Friday, July 22, 2011

Everything you need to know in one sentence...

Updated ...about exploiting tragedies for ideological ends.

Norway was the site of what was certainly a terror attack yesterday, with a bomb going off in the capitol Oslo and a gunman shooting up a youth camp in what police believe are connected assaults. In covering the event, Reuters had this to say:
There was no clear claim of responsibility and while the attacks appeared to bear some, but by no means all, of the hallmarks of an Islamist militant assault, analysts said it was too early to draw any conclusions.
Um, then why mention it? Why couldn't it just say "Analysts said it was too early to draw any conclusions about who the perpetrators might be?" Why was it necessary to hint darkly about "Islamist militants" when there is "no clear claim of responsibility" and - weasel word on top of weasel word on top of weasel word - the attacks only "appeared" to have "some" of the "hallmarks" of Islamist extremist attacks? And what "hallmarks?" The use of bombs? "The attacks appeared to bear some, but by no means all, of the hallmarks of an IRA attack." That there may have been some coordination involved? "The attacks appeared to bear some, but by no means all, of the hallmarks of a US military operation."
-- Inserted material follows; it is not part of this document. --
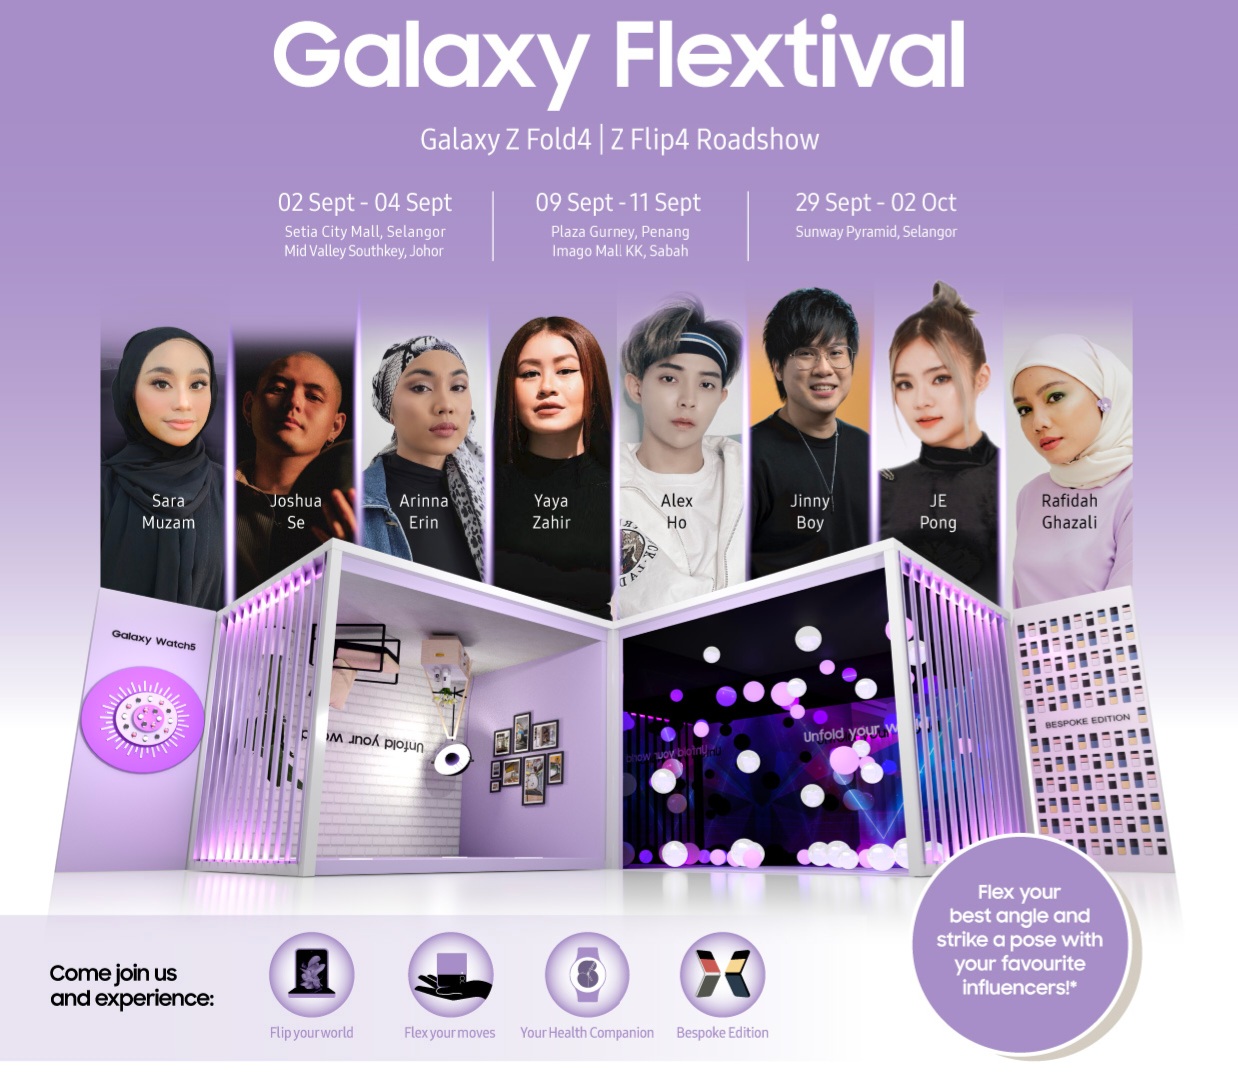 Kunjungi roadshow Samsung Galaxy Flextival - tawaran hebat kalau beli Galaxy Z Fold4 atau Z Flip4 7
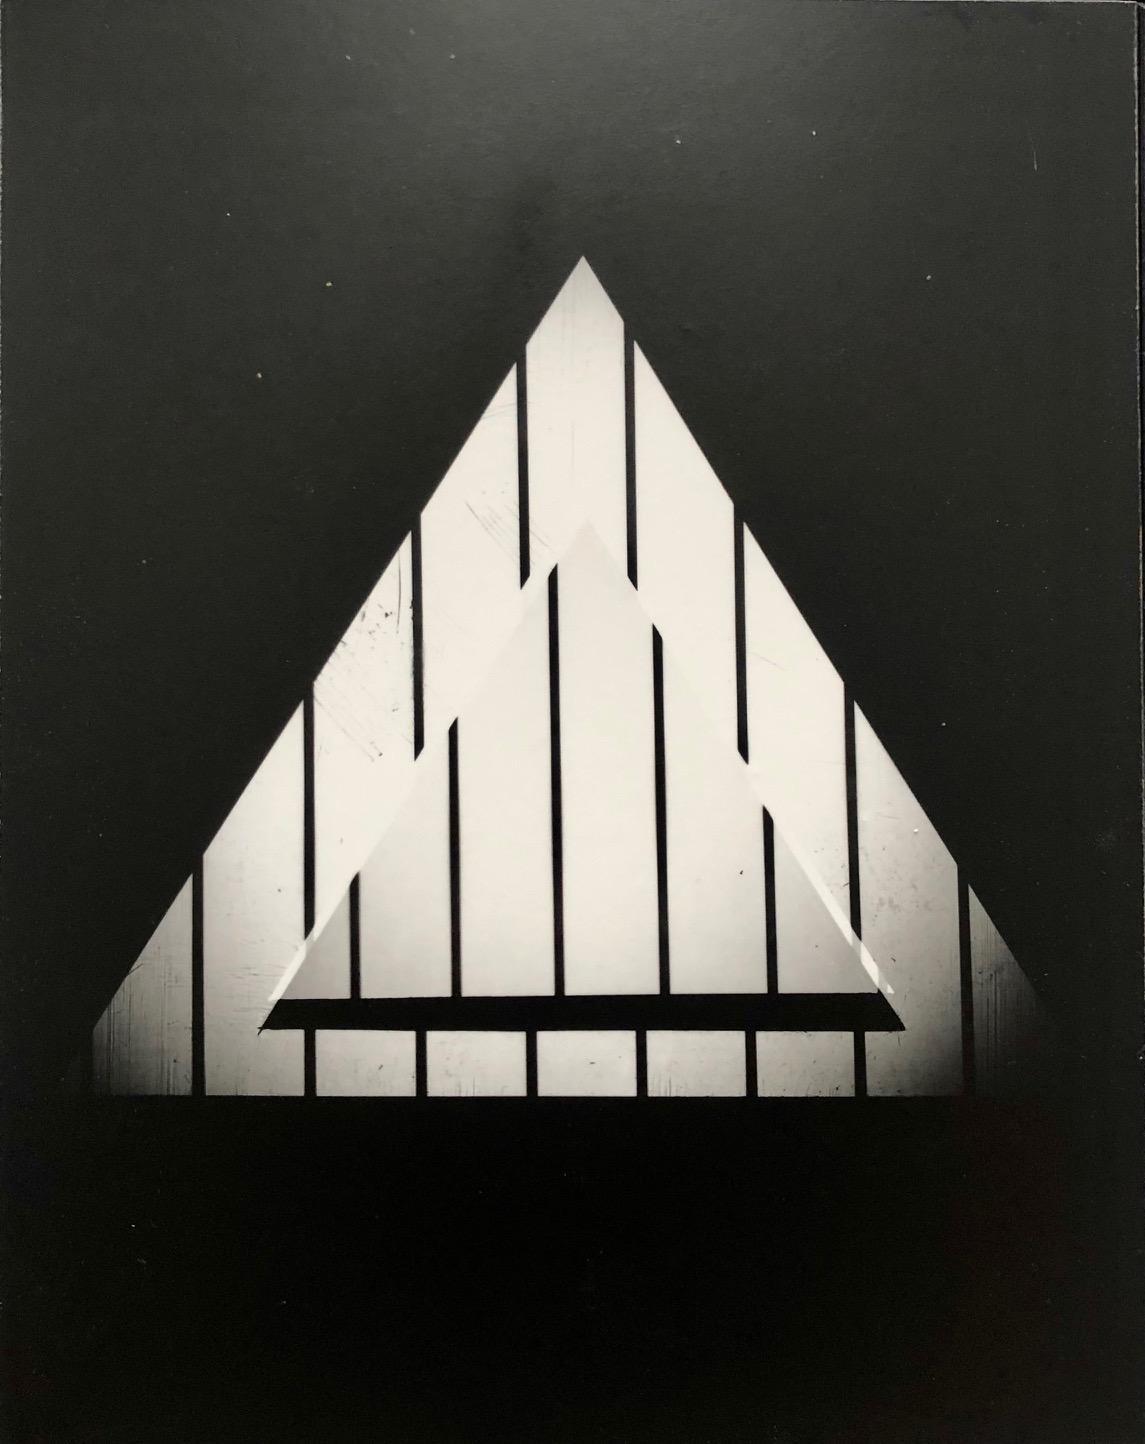 Juan Fernandez, Triangle Pinstripes (Positive), 2022, Laminated silver gelatin print mounted on masonite, 14” x 11” x 1”

More seriously, the use of guns in a shooting spree? "The attacks appeared to bear some, but by no means all, of the hallmarks of an attack by right-wing extremists."

Reuters doubled down later in the article:
Lilit Gevorgyan, analyst at IHS Global Insight, said the most likely suspects were al-Qaeda-linked or inspired groups, but added:

"As the news continues trickling in from Utoeya, however, right-wing extremist groups or even a lone perpetrator with army training or access to ammunition and weaponry could be behind the plot."
It's al-Qaeda! Except, um, maybe it's not. But it's al-Qaeda!

Eight graphs after that, eleven graphs after raising the looming specter of "Islamist militants," Reuters gets around to saying that
[t]he Oslo attacks, though hitting two targets, were not simultaneous and the delay between them left open the possibility of a single perpetrator.
But it's al-Qaeda! Run! Hide! They're everywhere! Surrender your civil liberties! And most important, be afraid!

Updated with the later news that the death toll has reached nearly 90, with seven killed in the Oslo bombing and 80 at the youth camp on Utoya Island. What's more,
[t]he Norwegian press say the man in custody for the terror attacks in Oslo and a nearby island today appears to have acted alone, and doesn't seem to have any links to Islamist militants.
He is, instead, a Norwegian national and a Christian conservative.
That may be relevant to his motives, since right-wing extremist groups have cropped up in Scandinavia over the issue of immigration, but the fact is those motives are unclear. What is clear is the bogus nature of the rush to judgment that took place in the wake of the attack.

Footnote to the Update: Credit where it's due goes to the Christian Science Monitor, which in the second paragraph of the story linked in the Update says
there was speculation in this paper and elsewhere that Islamist militants could have been involved.
No ducking of the fact of the prior coverage. I like that. Quite unlike Reuters:

At 1:58 PM EDT on Friday, in a "snap analysis," a Reuters report raised the possibility of both Islamist and right-wing terrorism, but called the former "more likely" and went on to cite various prior threats to Norway over its involvement in Afghanistan.

At 7:15 PM, in the Reuters article linked at the top of the post, the idea of right-wing terrorism was clearly downplayed and at 7:52 PM the agency ran a story describing six Islamist militant groups as potential suspects on the grounds that they had "a record of links to plots in Europe." No right-wing groups were mentioned.

At 8:08 PM came the first story that identified the man arrested as an "ethnic Norwegian."

And at 11:09 PM comes the update, which now quotes a different "expert" saying he "suspected a right-winger, rather than any Islamist group" and that it would be "very odd for Islamists to have a local political angle." There were no references to "al-Qaeda-linked or inspired groups" - nor was there any acknowledgment of, or reference, to having promoted that spin earlier. It just has been disappeared.

What remained, however, was the (apparently now irrelevant) references to prior threats against Scandinavian countries from Islamist sources.

And so it goes in mediaworld.

2 comments:

JayV said...

I didn't see the Reuters reports, but heard it on NPR, which hastened to mention Scandinavia (Denmark) being the land of the Mohammed cartoons. We had to be reminded of that, of course. Rush to judgment indeed.

Lotus said...

Exactly. I still remember how in the wake of the OKC bombing the NY Times intoned darkly that there are mosques in the city and some right-wing "expert" was all over the tube explaining how the bomb was designed "to cause the maximum loss of life, and that is a Muslim trait."